### Brief
In the entries below, find the line with "キミは腐ったドラゴンのプラモ" and print exactly every line from there up to and including the line with "网购了1斤腊肉,和5个辣椒一起炒,盐都不放就吃了两碗米饭,过瘾", with no other lines.

### Given records

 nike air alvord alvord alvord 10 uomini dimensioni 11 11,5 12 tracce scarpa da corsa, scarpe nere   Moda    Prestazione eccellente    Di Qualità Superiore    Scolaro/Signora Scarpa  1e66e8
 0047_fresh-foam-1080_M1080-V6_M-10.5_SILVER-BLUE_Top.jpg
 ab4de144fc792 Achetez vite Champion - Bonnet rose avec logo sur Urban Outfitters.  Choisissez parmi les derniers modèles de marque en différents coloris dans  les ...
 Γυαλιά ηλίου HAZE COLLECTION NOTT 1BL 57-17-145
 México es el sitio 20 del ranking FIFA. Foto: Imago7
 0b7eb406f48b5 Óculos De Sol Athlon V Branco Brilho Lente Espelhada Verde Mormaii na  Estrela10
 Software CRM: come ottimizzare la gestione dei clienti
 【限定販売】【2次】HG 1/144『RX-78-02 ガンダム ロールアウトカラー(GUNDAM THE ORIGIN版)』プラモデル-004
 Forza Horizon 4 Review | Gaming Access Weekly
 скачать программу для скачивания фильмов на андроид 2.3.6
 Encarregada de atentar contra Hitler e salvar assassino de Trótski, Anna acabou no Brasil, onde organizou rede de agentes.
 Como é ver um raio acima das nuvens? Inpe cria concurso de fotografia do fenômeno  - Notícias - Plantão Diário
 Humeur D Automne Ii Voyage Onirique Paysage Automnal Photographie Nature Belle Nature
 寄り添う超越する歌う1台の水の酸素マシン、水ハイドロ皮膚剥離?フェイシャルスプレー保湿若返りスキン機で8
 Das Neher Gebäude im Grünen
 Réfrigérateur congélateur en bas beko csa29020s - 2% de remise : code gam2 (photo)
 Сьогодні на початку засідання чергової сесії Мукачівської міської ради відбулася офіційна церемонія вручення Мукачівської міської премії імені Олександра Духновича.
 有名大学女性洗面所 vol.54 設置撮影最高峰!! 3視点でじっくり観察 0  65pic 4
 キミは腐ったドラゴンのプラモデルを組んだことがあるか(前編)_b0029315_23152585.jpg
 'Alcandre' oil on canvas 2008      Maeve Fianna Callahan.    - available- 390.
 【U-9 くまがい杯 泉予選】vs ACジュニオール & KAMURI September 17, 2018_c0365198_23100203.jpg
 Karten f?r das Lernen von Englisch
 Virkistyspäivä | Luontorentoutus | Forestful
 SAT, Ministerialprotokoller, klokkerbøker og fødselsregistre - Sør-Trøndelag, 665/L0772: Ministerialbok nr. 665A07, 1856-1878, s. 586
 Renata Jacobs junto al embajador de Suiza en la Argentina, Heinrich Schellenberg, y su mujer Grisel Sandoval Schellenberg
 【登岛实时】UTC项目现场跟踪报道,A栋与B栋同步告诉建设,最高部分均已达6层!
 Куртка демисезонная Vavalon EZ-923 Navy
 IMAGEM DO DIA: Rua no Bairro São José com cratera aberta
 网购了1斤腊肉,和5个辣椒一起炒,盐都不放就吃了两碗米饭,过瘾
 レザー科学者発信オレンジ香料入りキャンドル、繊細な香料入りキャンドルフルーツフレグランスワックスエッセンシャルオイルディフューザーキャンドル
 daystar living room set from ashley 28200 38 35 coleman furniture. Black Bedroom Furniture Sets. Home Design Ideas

### Written reply
 キミは腐ったドラゴンのプラモデルを組んだことがあるか(前編)_b0029315_23152585.jpg
 'Alcandre' oil on canvas 2008      Maeve Fianna Callahan.    - available- 390.
 【U-9 くまがい杯 泉予選】vs ACジュニオール & KAMURI September 17, 2018_c0365198_23100203.jpg
 Karten f?r das Lernen von Englisch
 Virkistyspäivä | Luontorentoutus | Forestful
 SAT, Ministerialprotokoller, klokkerbøker og fødselsregistre - Sør-Trøndelag, 665/L0772: Ministerialbok nr. 665A07, 1856-1878, s. 586
 Renata Jacobs junto al embajador de Suiza en la Argentina, Heinrich Schellenberg, y su mujer Grisel Sandoval Schellenberg
 【登岛实时】UTC项目现场跟踪报道,A栋与B栋同步告诉建设,最高部分均已达6层!
 Куртка демисезонная Vavalon EZ-923 Navy
 IMAGEM DO DIA: Rua no Bairro São José com cratera aberta
 网购了1斤腊肉,和5个辣椒一起炒,盐都不放就吃了两碗米饭,过瘾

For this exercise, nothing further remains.